La prospectiva no sólo estudia la ruta que siguen las tendencias de largo plazo, terreno en el cual se cuenta ya con cierta información. Un ejemplo: de seguir las actuales tendencias en el 2030 más de 90% de la población vivirá en zonas urbanas. Dentro de la complejidad, eso es lo más sencillo. Pero hay otro ámbito de la prospectiva más delicado. Me refiero a la necesaria deontología, al cómo debieran ser las cosas o, aun más complejo, cómo desearíamos que fueran. Reducir al mínimo posible la mortalidad materna o la infantil supone un acuerdo básico en defensa de la vida. Todo Estado —en teoría— se apoya en ese acuerdo. Pero lo deseable supone una discusión de principios, axiológica. Allí el asunto se complica.

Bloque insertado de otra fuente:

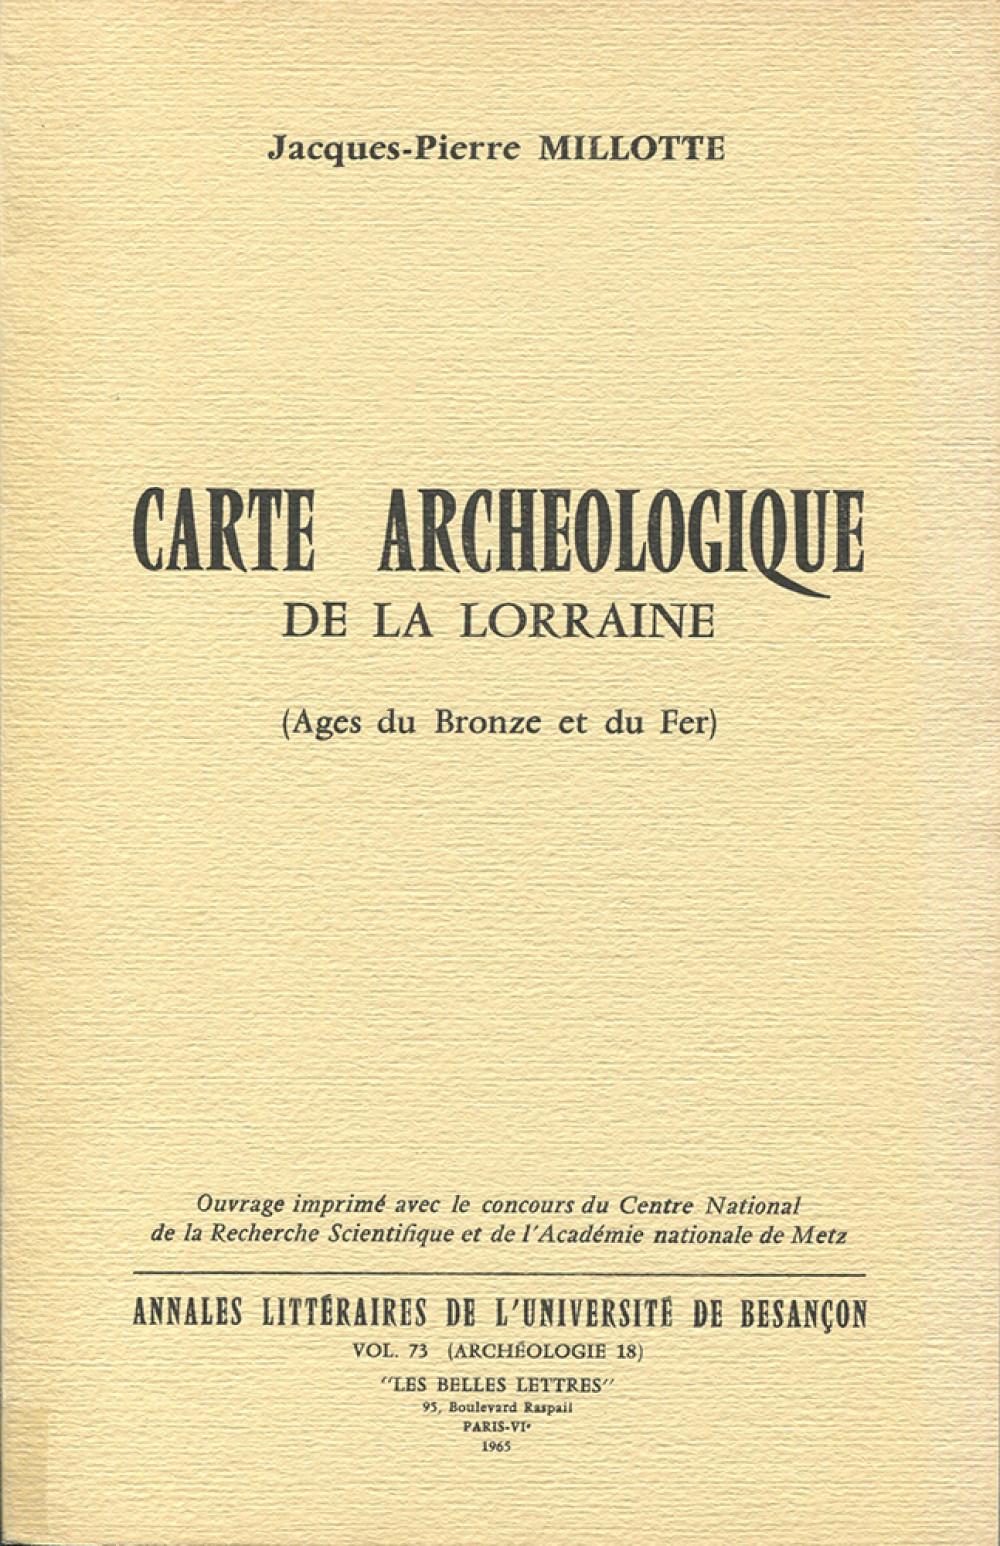 Carte archéologique de la Lorraine

¿Es deseable —como ha ocurrido en las sociedades desarrolladas— inducir desde el Estado la disminución de la pea agrícola, la desaparición del campesinado tradicional para decirlo en términos llanos? En otros países el asunto no genera polémica. En México, dónde cierta mitología campesina es sustento de la literatura, de la música y por supuesto de la retórica política, ni siquiera nos atrevemos a tocarlo. Todo indica que muchas etnias indígenas —los más pobres de los pobres— caminan a la extinción con todo y su rico bagaje cultural. El mestizaje se sigue imponiendo. ¿Hasta dónde es deseable su preservación o qué preservar de ellas? No sus condiciones de vida, eso me queda claro.
En una economía que por décadas no ha generado los empleos formales que su población requiere, ¿hasta dónde es deseable acabar con la informalidad? No me refiero a las actividades ilegales que usurpan espacios públicos y venden contrabando. Me refiero a esa muy importante válvula de escape que se expresa por ejemplo en una costurera o en un plomero o un carpintero. Qué dieran muchos países desarrollados —hoy en severas crisis de desempleo— por contar con algo de esa flexibilidad. Lo deseable como parte de la necesaria prospectiva que México necesita está llamado a ser, creo yo, la punta de lanza del debate de avanzada. La prosperidad de una nación en buena medida se asienta en los acuerdos mínimos sobre lo deseable.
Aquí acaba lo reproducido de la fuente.